» **Task to complete**
Transcribe each record exactly, but omit pictures.

Collection entries:

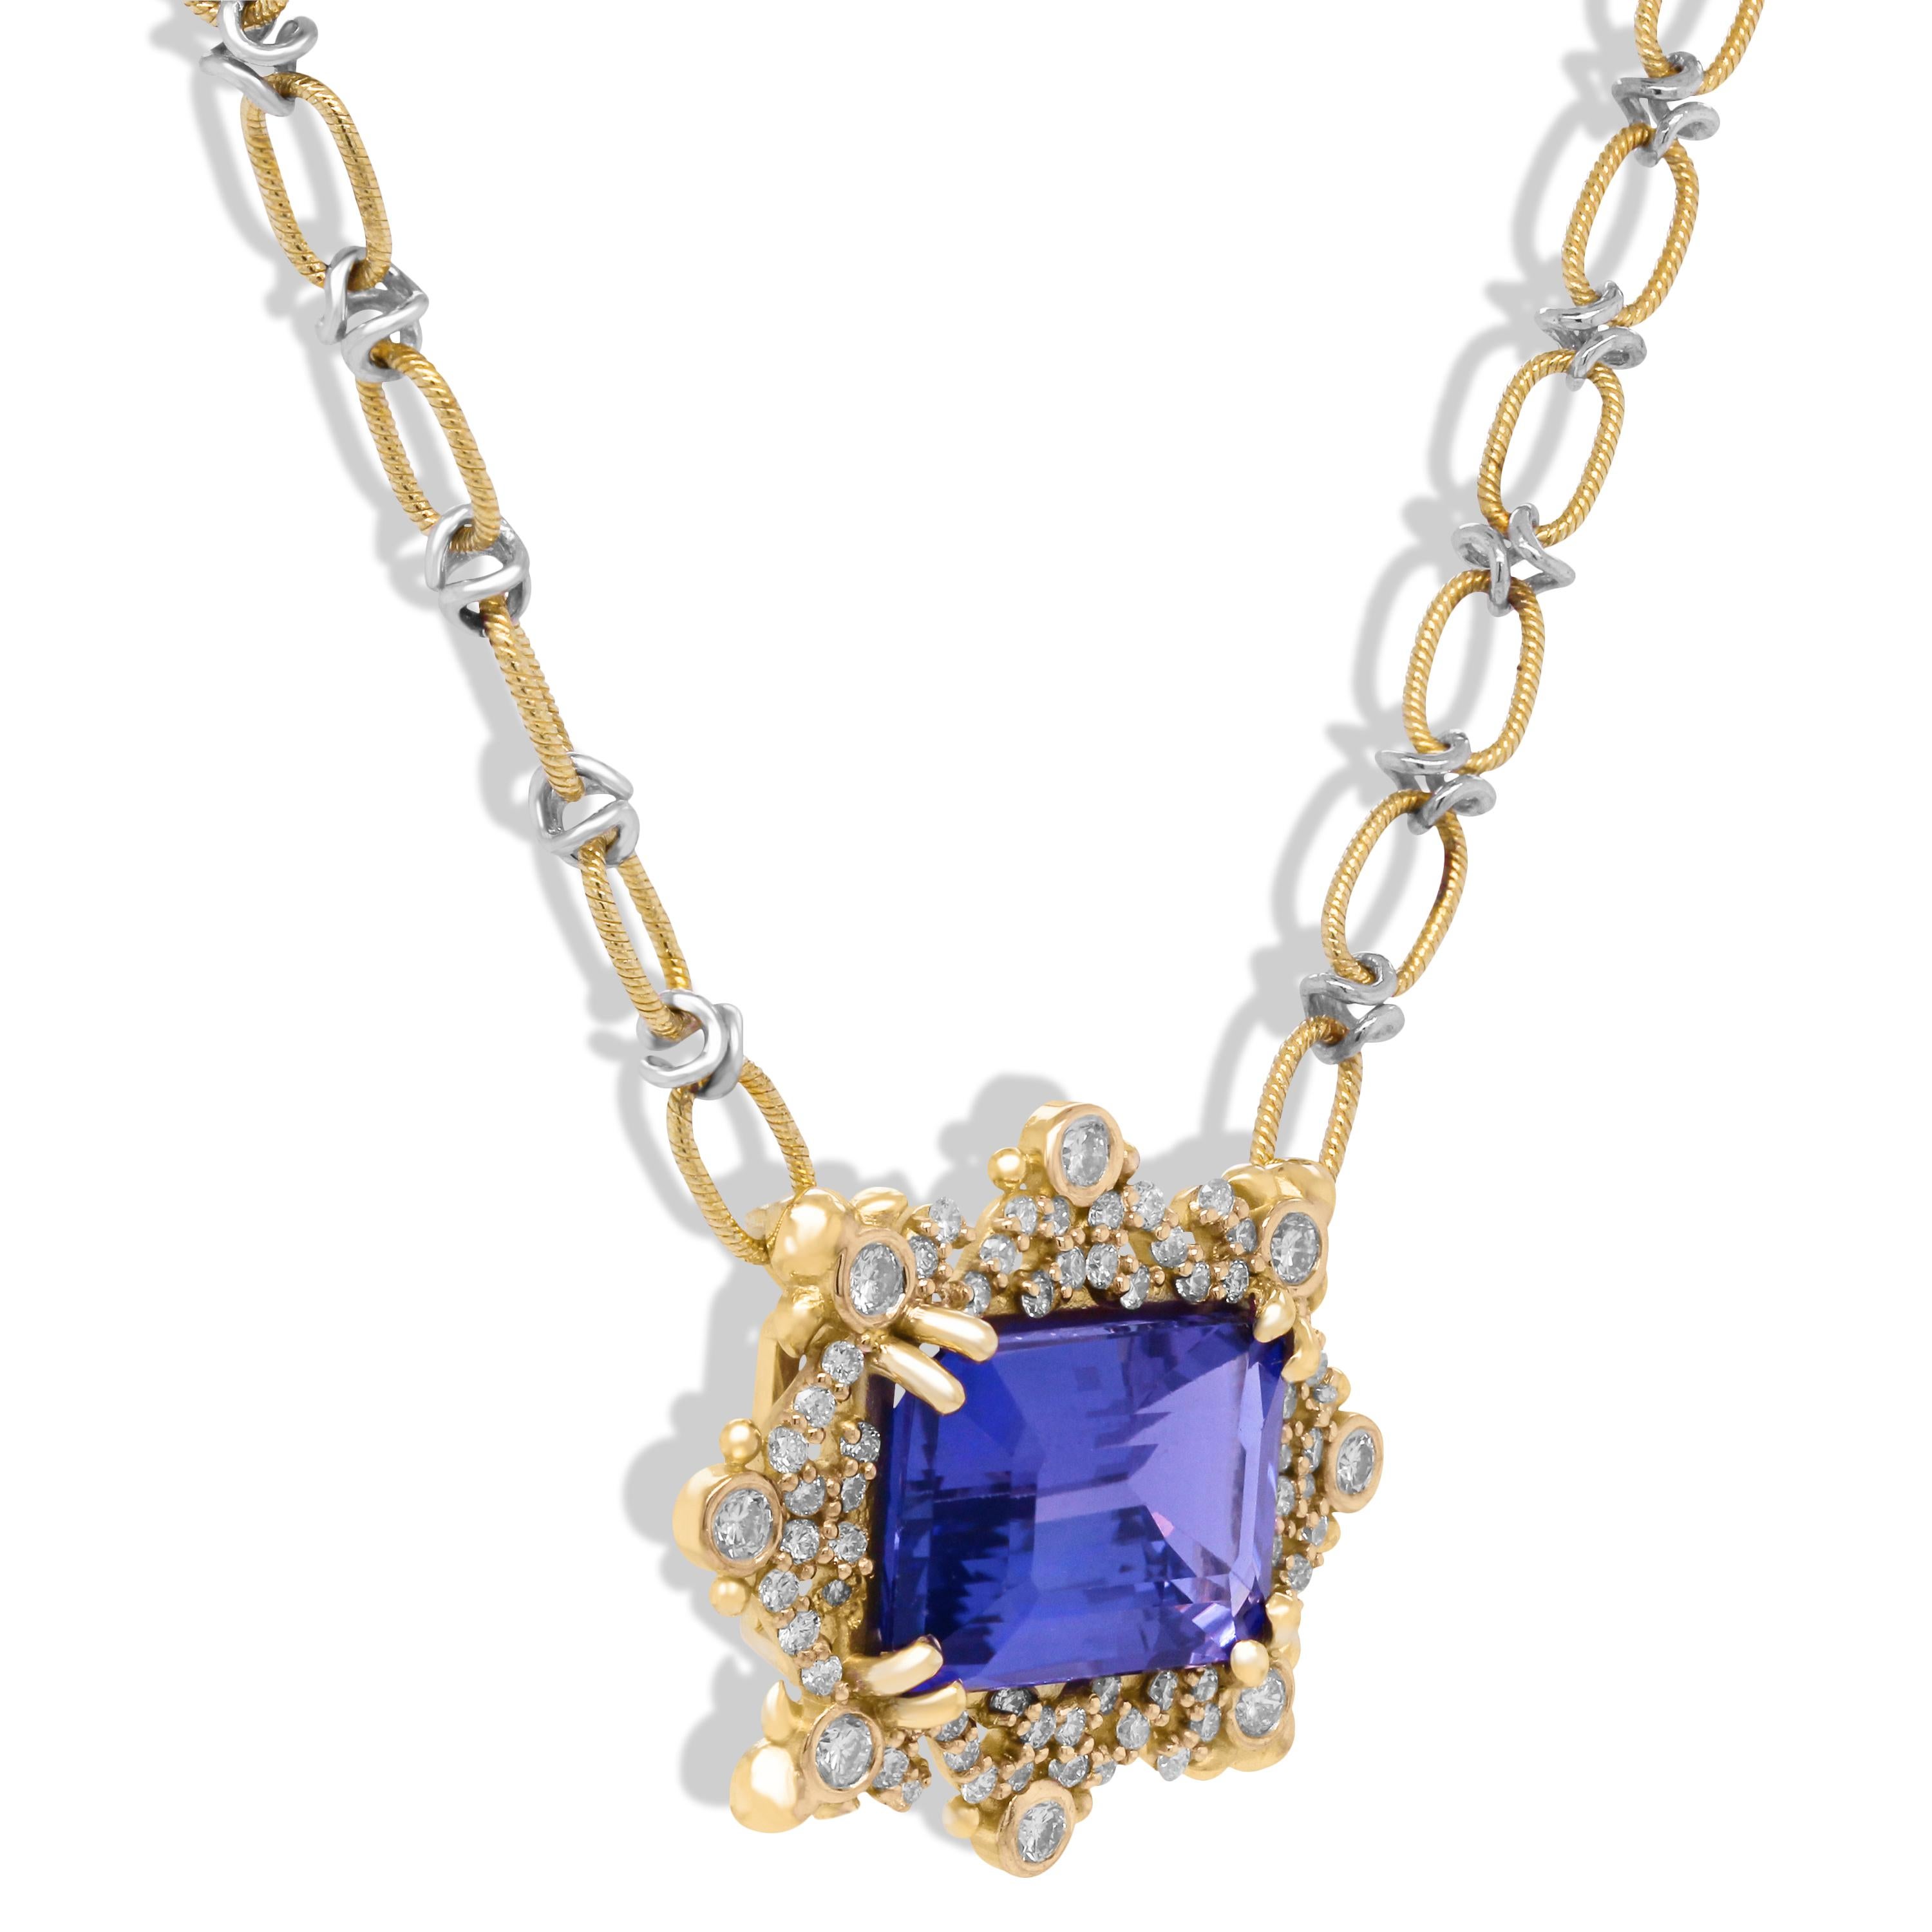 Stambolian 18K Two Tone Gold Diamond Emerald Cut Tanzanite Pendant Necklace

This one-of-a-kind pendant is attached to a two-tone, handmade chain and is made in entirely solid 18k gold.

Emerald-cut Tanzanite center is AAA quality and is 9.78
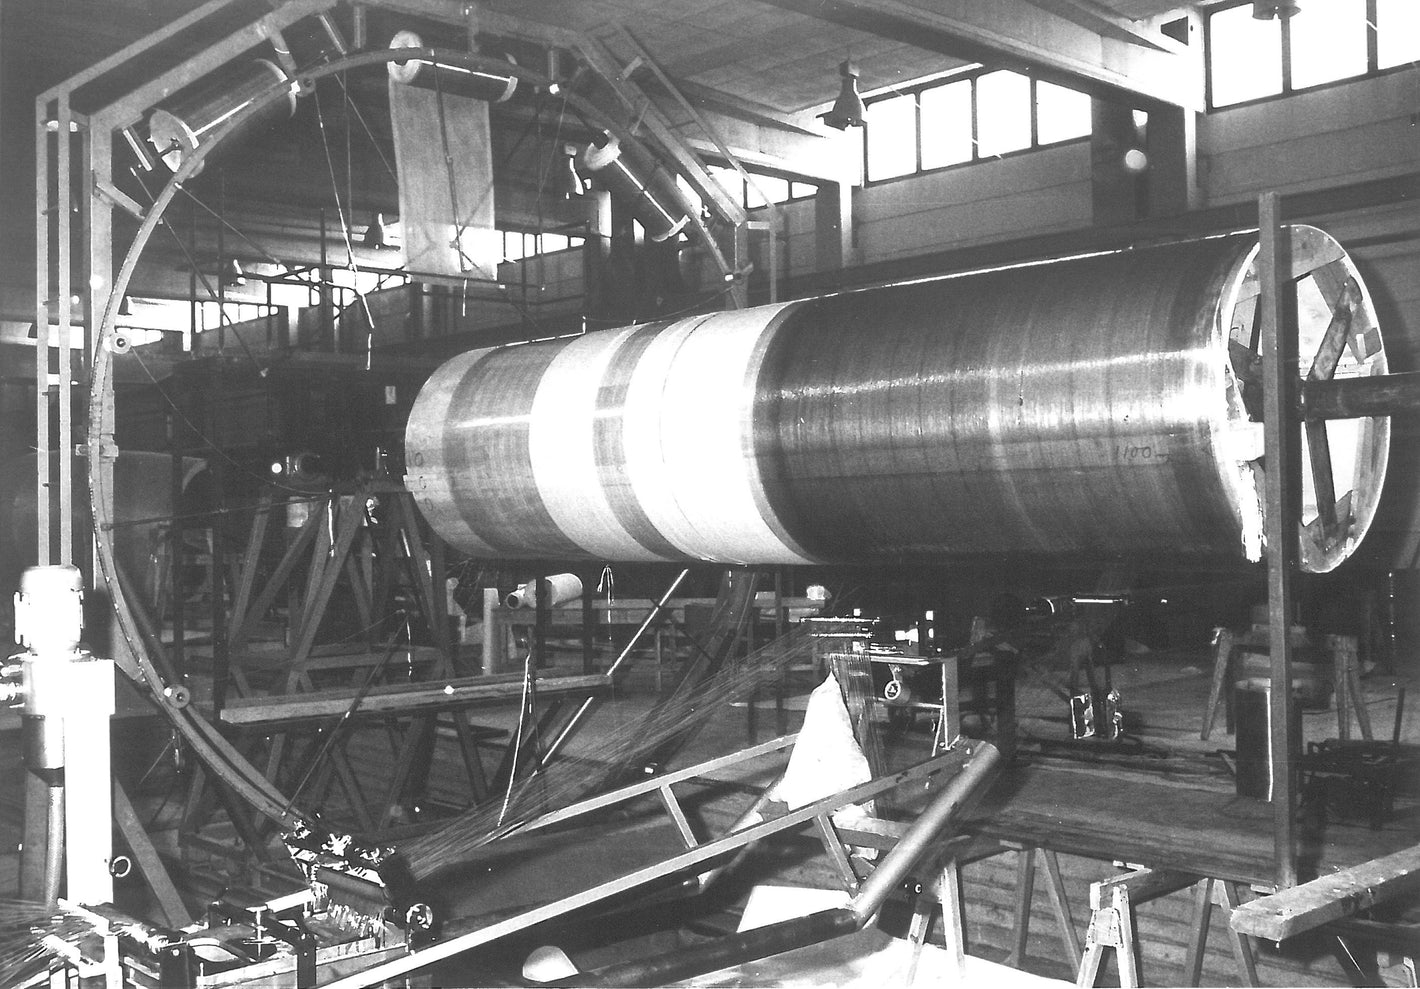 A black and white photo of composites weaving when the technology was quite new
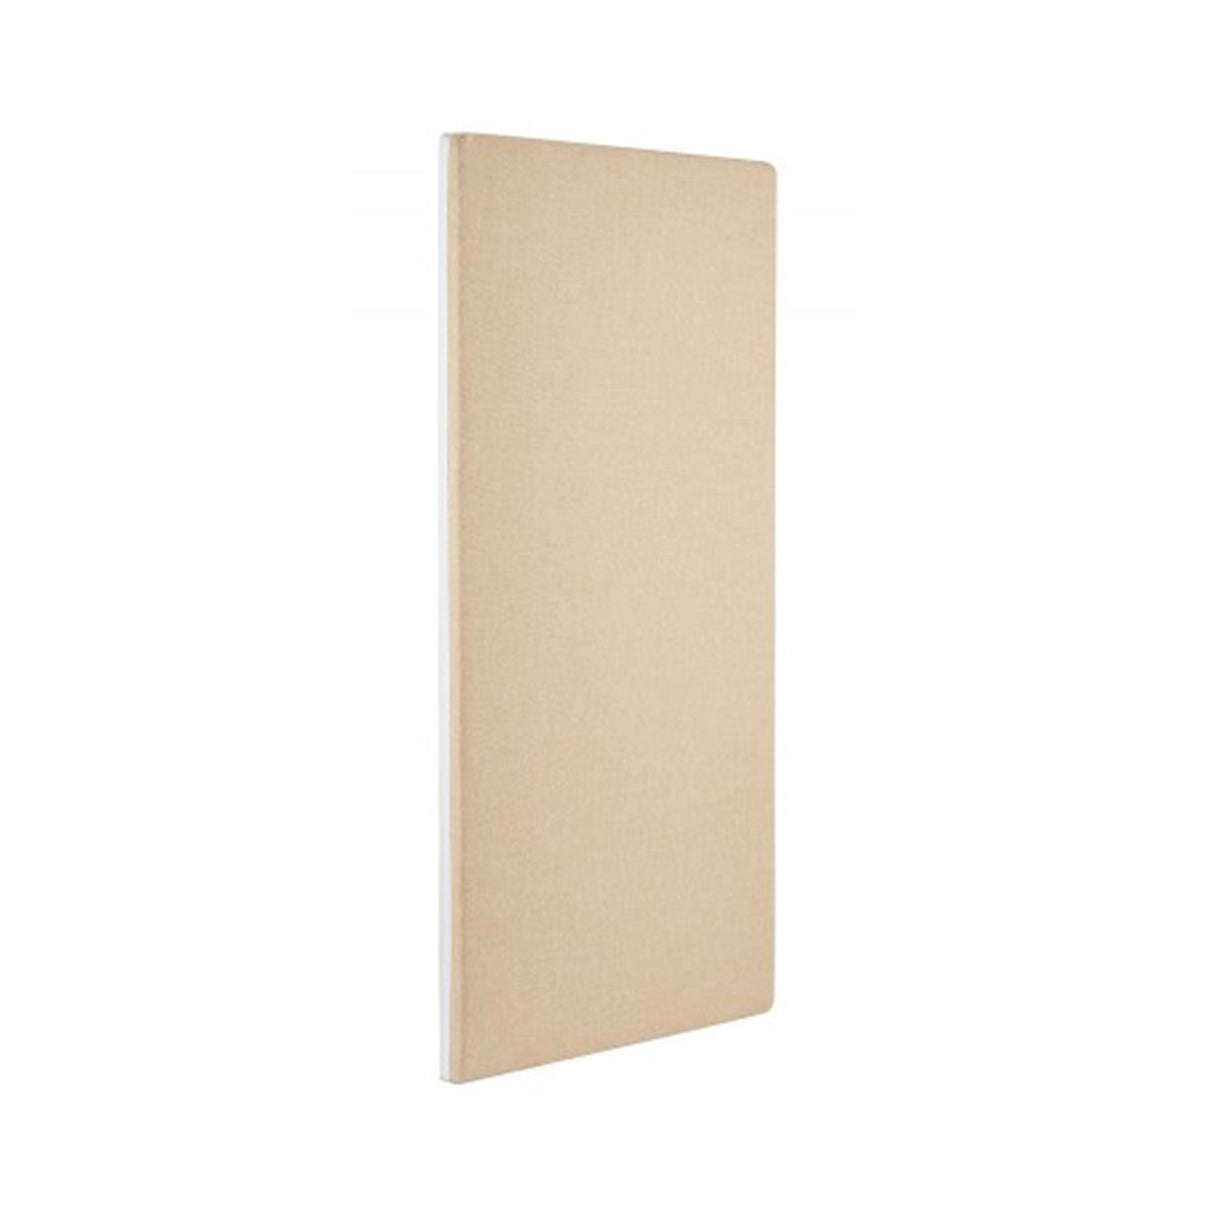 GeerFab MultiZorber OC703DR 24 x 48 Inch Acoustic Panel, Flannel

» **The answer**
 Stambolian 18K Two Tone Gold Diamond Emerald Cut Tanzanite Pendant Necklace

This one-of-a-kind pendant is attached to a two-tone, handmade chain and is made in entirely solid 18k gold.

Emerald-cut Tanzanite center is AAA quality and is 9.78
 A black and white photo of composites weaving when the technology was quite new
 GeerFab MultiZorber OC703DR 24 x 48 Inch Acoustic Panel, Flannel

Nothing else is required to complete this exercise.